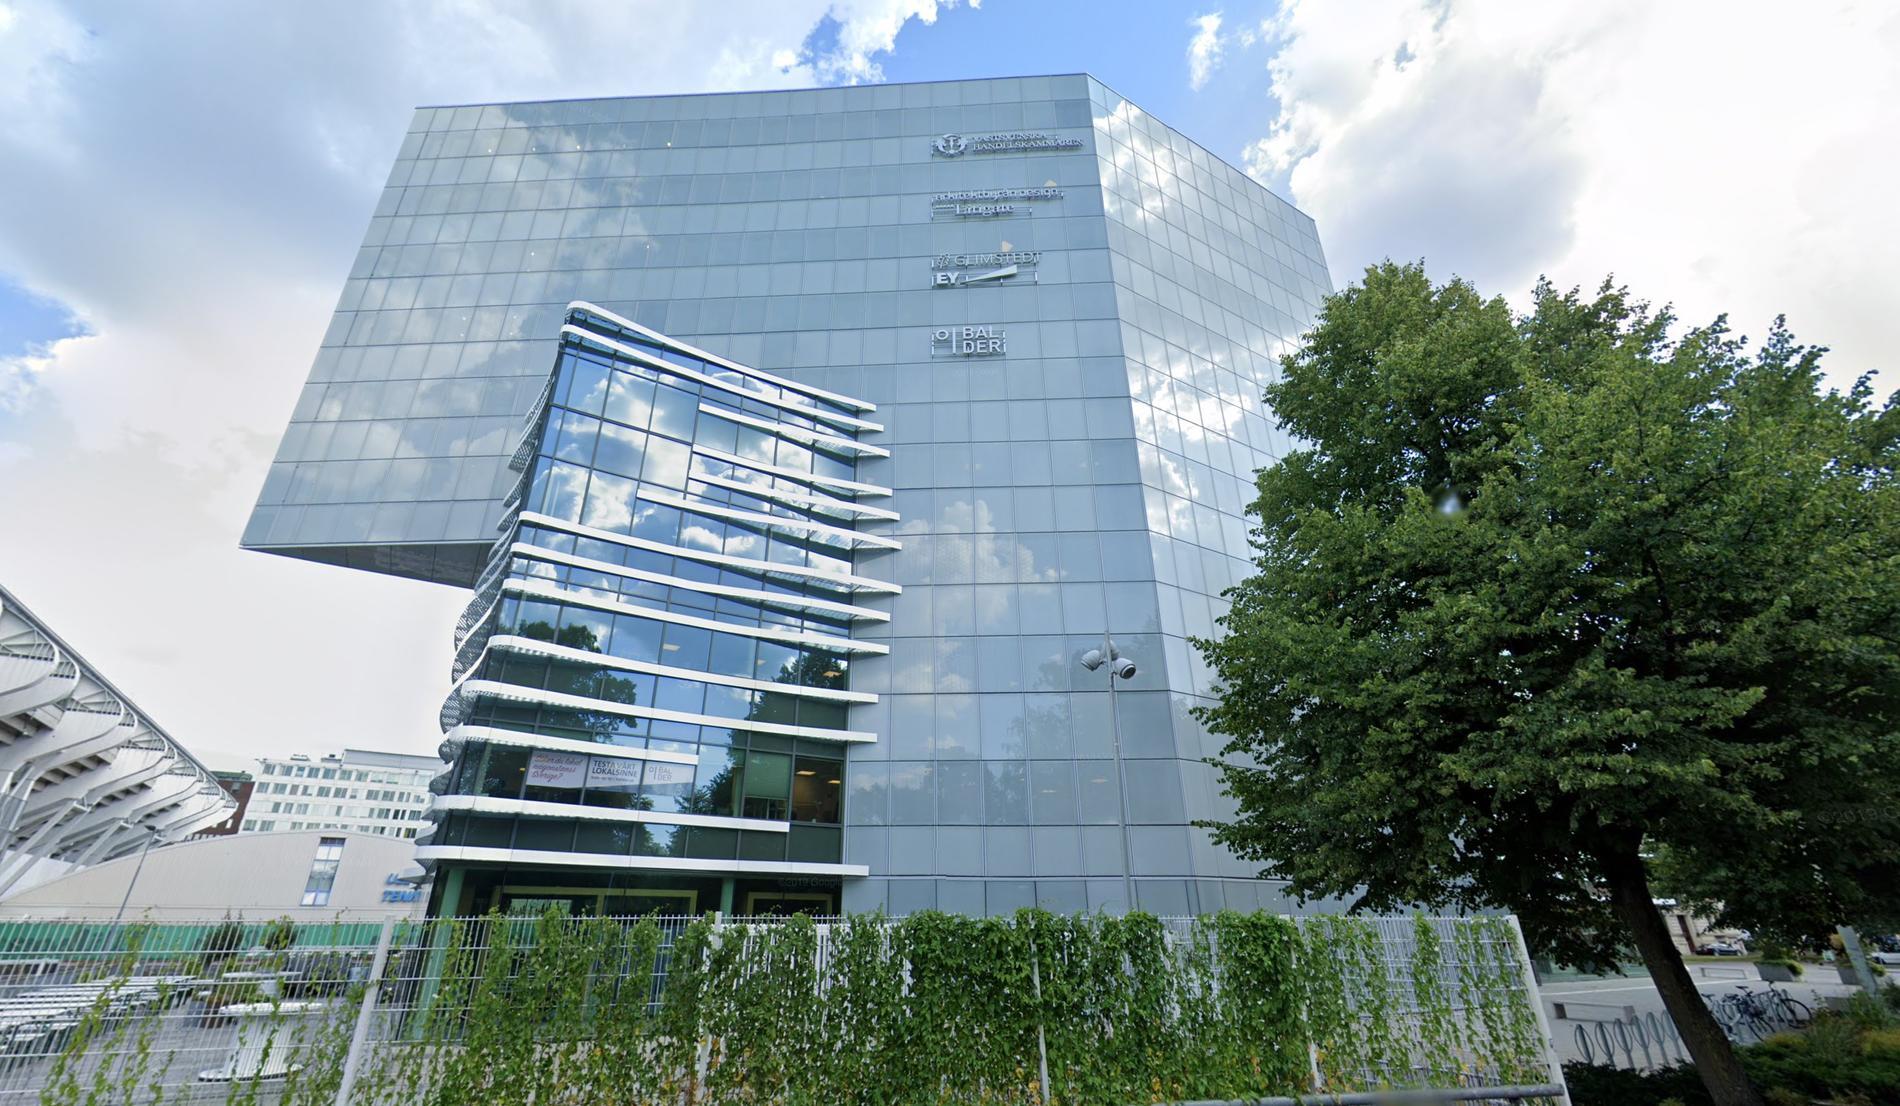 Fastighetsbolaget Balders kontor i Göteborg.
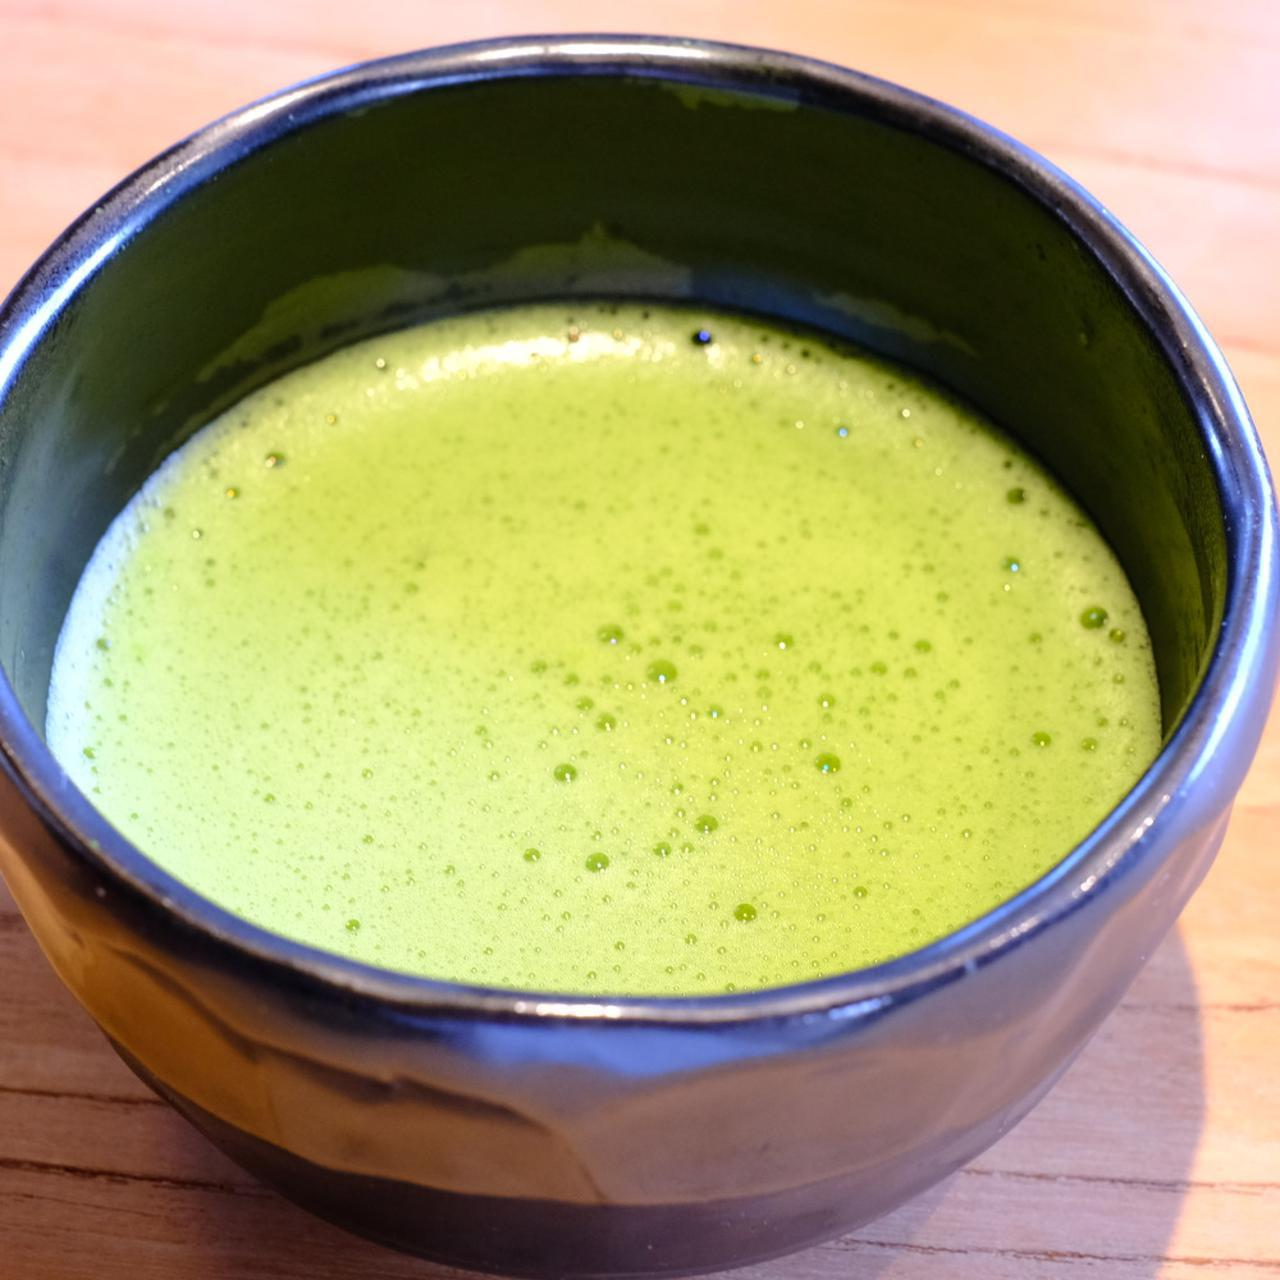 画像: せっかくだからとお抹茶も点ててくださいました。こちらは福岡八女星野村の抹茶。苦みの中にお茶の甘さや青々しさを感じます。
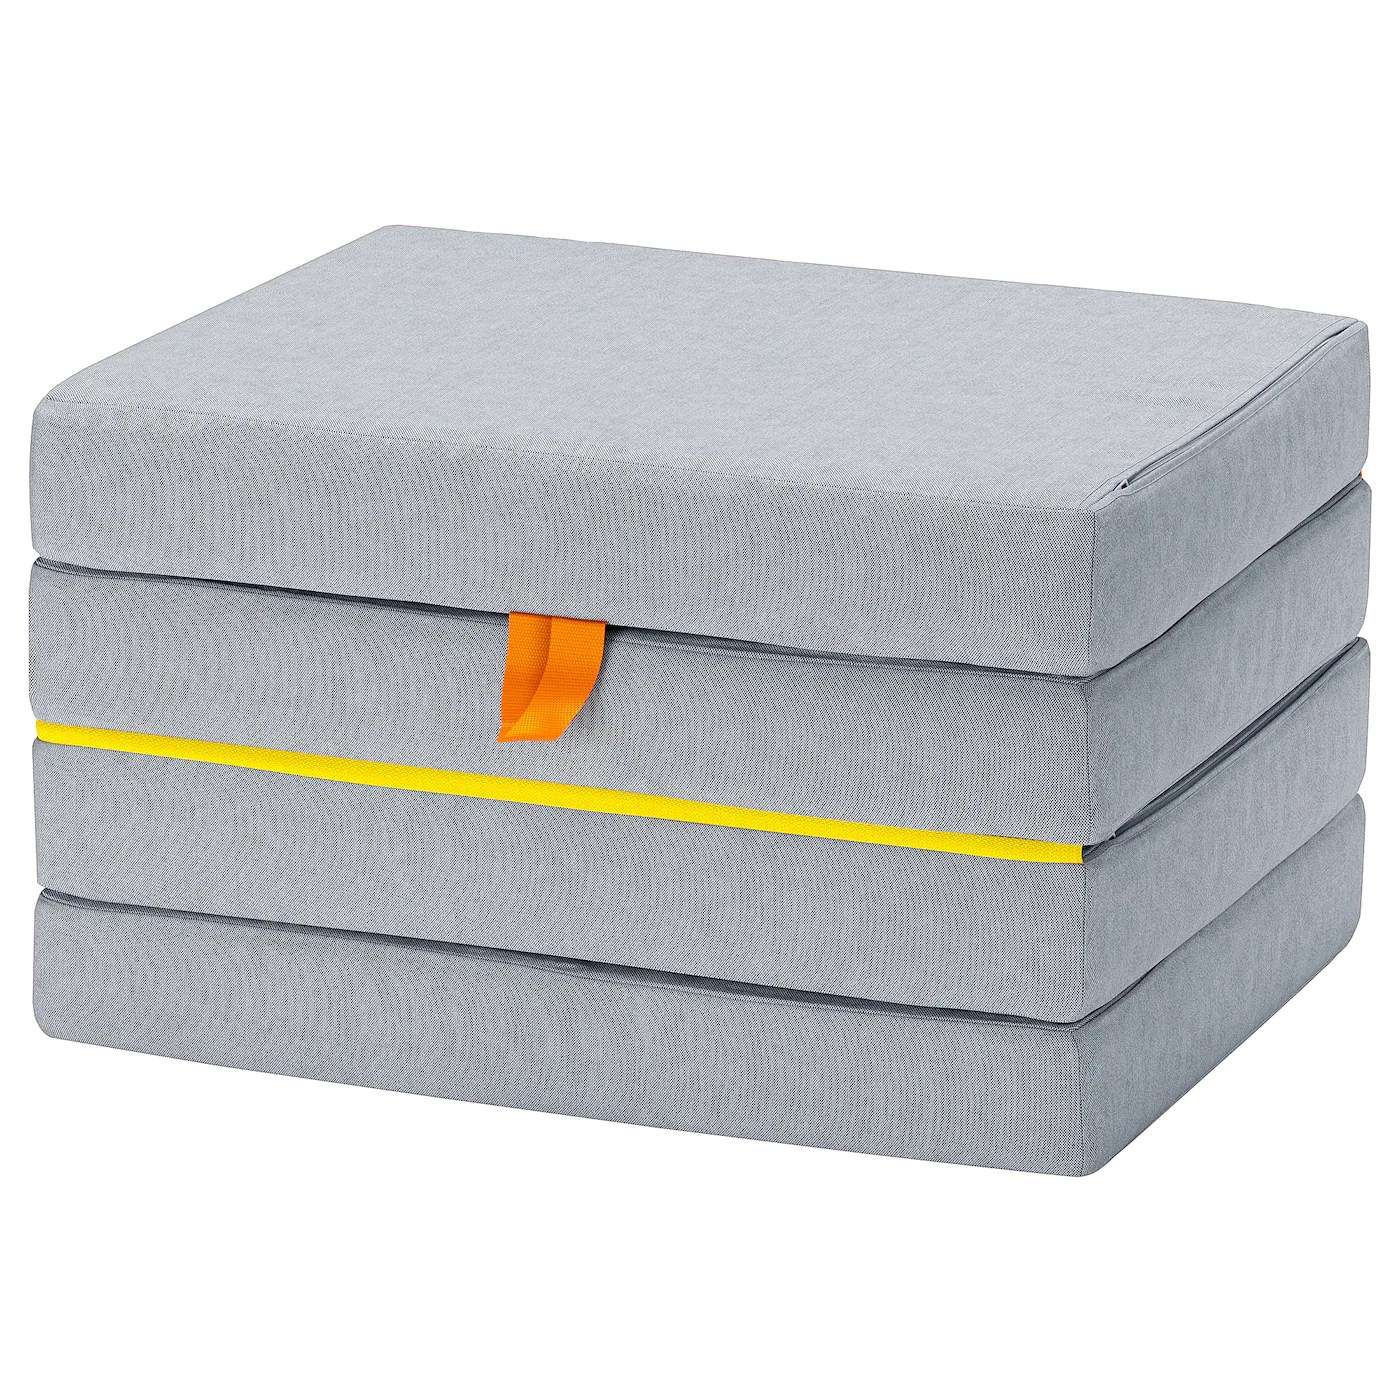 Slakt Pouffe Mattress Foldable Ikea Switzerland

*To do*:
Transcribe the data verbatim. No picture belongs in the result.

*Result below*:
 Fastighetsbolaget Balders kontor i Göteborg.
 画像: せっかくだからとお抹茶も点ててくださいました。こちらは福岡八女星野村の抹茶。苦みの中にお茶の甘さや青々しさを感じます。
 Slakt Pouffe Mattress Foldable Ikea Switzerland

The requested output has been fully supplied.